Gallery Price: £1160
About the artwork
In On the High Sea, Barthel turns to oil with a confidence that allows the surface to breathe, swell and contract like the sea itself. The medium gives the work a richer, more tactile depth: darker passages gather into weighty, almost geological masses, while lighter strokes glide across them like wind‑struck spray. The blues, blacks and whites intermingle with a slow, deliberate luminosity that only oil can sustain, creating a sense of weather and movement held in delicate balance.
The painting sits firmly within Barthel’s ongoing dialogue with elemental landscapes, where representation dissolves into atmosphere. Here, the horizon is suggested rather than drawn, and the viewer is invited into a moment of vastness — a sea that feels both intimate and immense, shaped not by depiction but by sensation.
About the Artist
Jean‑Claude Barthel is a contemporary painter known for his atmospheric abstractions and his ability to distil landscape into gesture, colour and mood. Though often associated with maritime and elemental themes, Barthel’s work resists literal depiction; instead, he uses sweeping movement, layered tonalities and a keen sensitivity to light to evoke the emotional architecture of place.
Originally trained in graphic arts before turning fully to painting, Barthel developed a visual language that balances spontaneity with structural clarity. His surfaces carry the energy of improvisation — broad strokes, shifting textures, and passages of near‑luminosity — yet each composition is anchored by a quiet internal order. This duality gives his paintings their distinctive tension: the sense of nature in flux, held momentarily still.

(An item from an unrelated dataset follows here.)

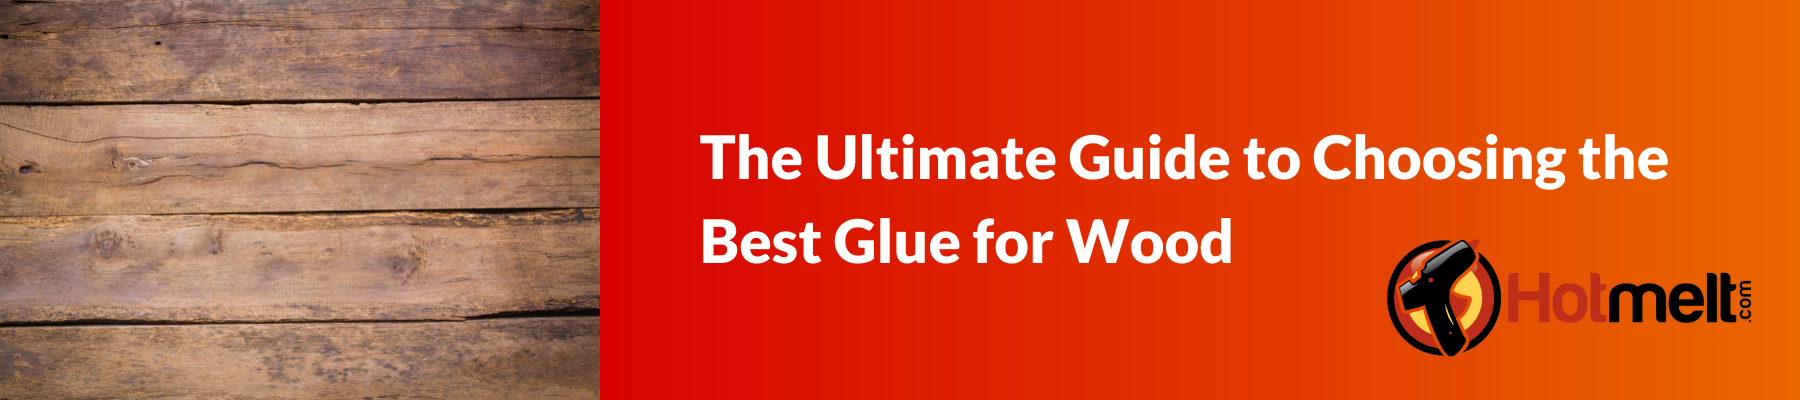 5 Types of Wood Glue: How to Use Them and How to Choose the Right One -  Creativity Hero

Barthel’s practice is deeply rooted in observation, but not in representation. He draws inspiration from coastlines, changing skies, and the rhythm of weather, translating these impressions into works that feel both intimate and expansive. His use of oil, in particular, allows for a depth and resonance that amplifies the emotional weight of his subjects.
Exhibited widely across Europe, Barthel has built a reputation for paintings that invite contemplation — works that do not describe the world so much as breathe with it. His canvases offer viewers a space of openness, where memory, sensation and landscape converge.